The first wars of the 21st century have also unfolded there, in
Afghanistan, Iraq, western Sudan and Lebanon.
This being so, the West has
a long history of espying new spectres in the region. In the 1950s and
1960s it was Nasser, Egypt's passionate pan-Arabist leader. In the
1970s it was Palestinian terrorism; in the 1980s Khomeini's Islamic
revolution; since the turn of the century, al-Qaeda-style mayhem; and
now again revolutionary Iran, newly expansionary and perhaps, some
day, armed with nukes.
Some of these imagined
threats to the global order have been leftist and nationalist, some
reactionary and religious, some radical and violent. Yet all have
drawn their mobilising power from a single source. They have all been,
in essence, resistance movements, inspired by a seemingly unquenchable
popular urge to challenge the dominant perceived injustice of the day,
whether it be European colonialism, Zionism, American hegemonism or
the grip of local governments charged with selling out to the West.
The most reliable populist
cry today remains “resistance”. Sudan's strongman, Omar al-Bashir,
blasts the proposed deployment of UN troops
in Darfur as the spearhead of a new Western crusade.

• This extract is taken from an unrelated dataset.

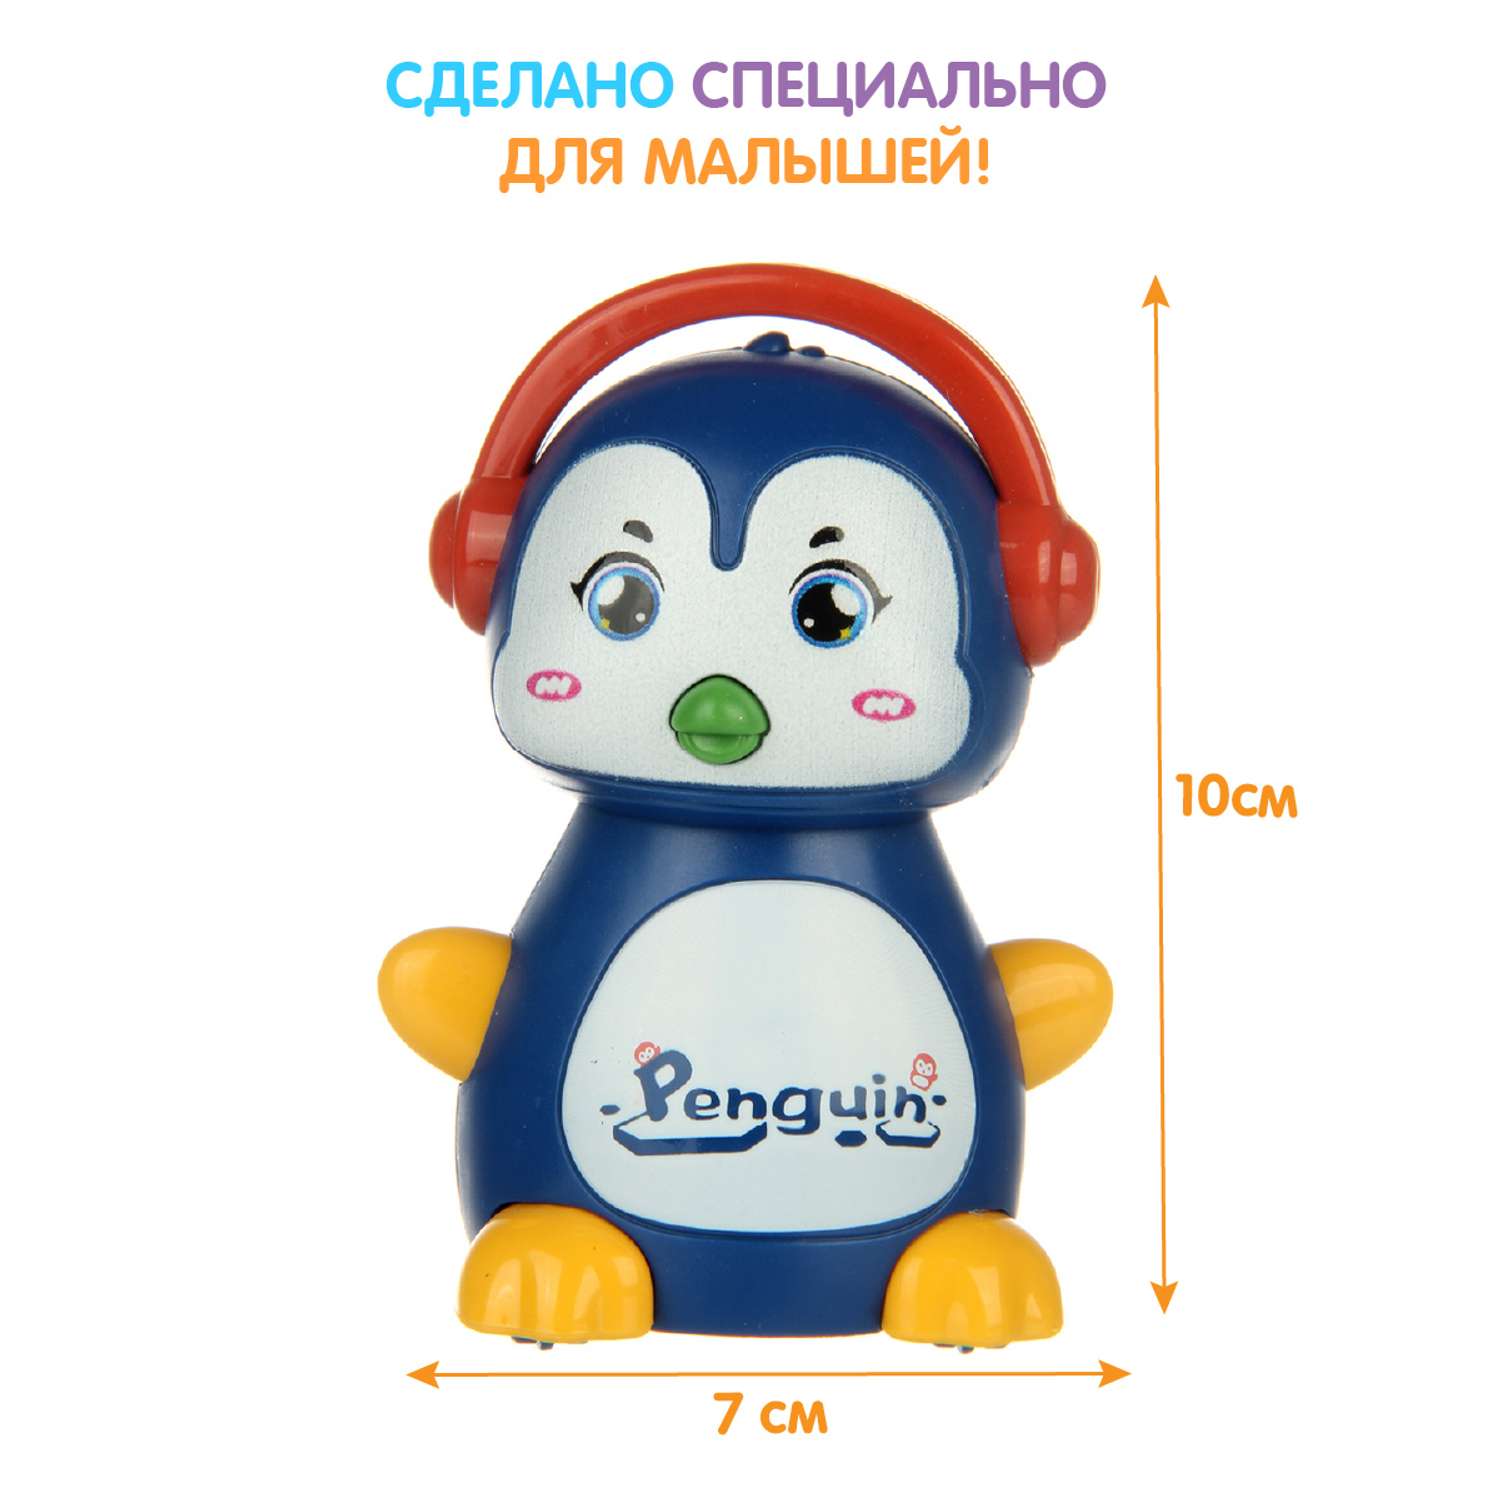 Развивающая игрушка Ути Пути Покатушка Пингвин со звуками - фото 1
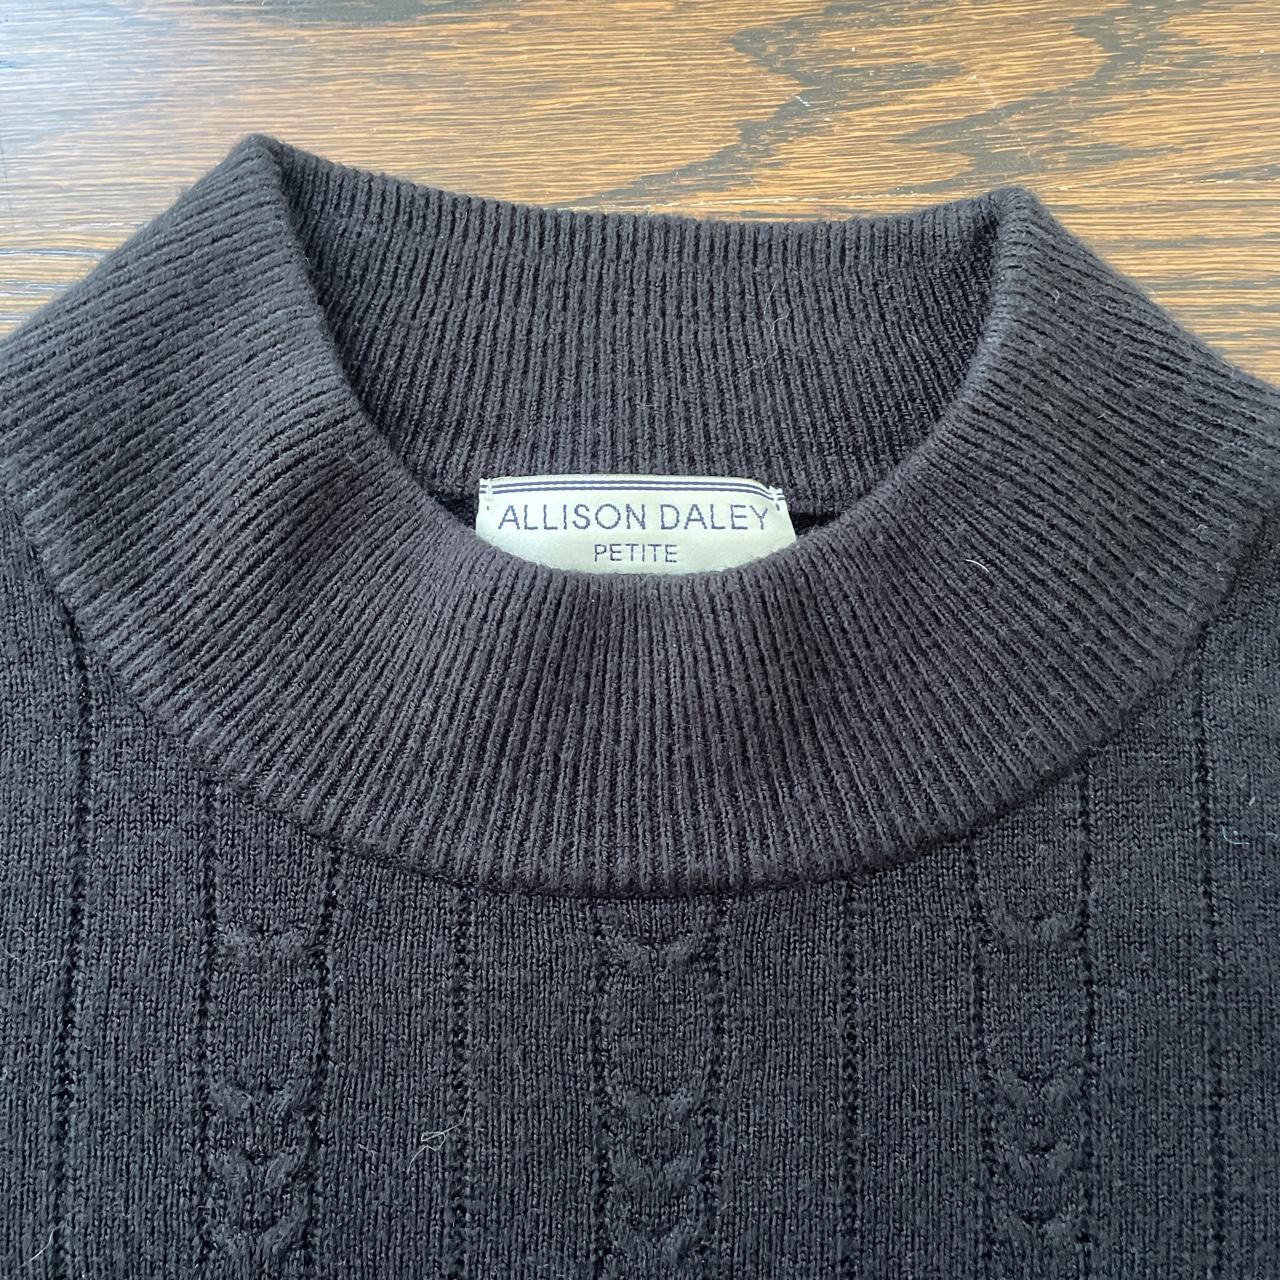 Vintage Allison Daley sweater Mock neck, cable knit... - Depop

The Shias and
Sunnis in Iraq may be fighting each other for dominance, but the call
to “resist” the American occupiers and the weak (though elected)
government they sponsor wins passionate followers to both camps.
Hizbullah rouses region-wide cheers for bloodying Israel's nose.
Clearly, although times have changed, this dynamic has not.
What has changed is that the
call to resist now inspires unprecedented enthusiasm, galvanising many
disparate political streams at once, secular and nationalist as well
as Islamist. The religious element, boosted by the great revival that
has swept Muslim societies across the globe, adds a scriptural
drumbeat to the call. And lately the impulse to resist has also been
strengthened by the failing prestige of traditional countervailing
forces—America, the moderate governments in the region and the
liberal-minded minority of their citizens.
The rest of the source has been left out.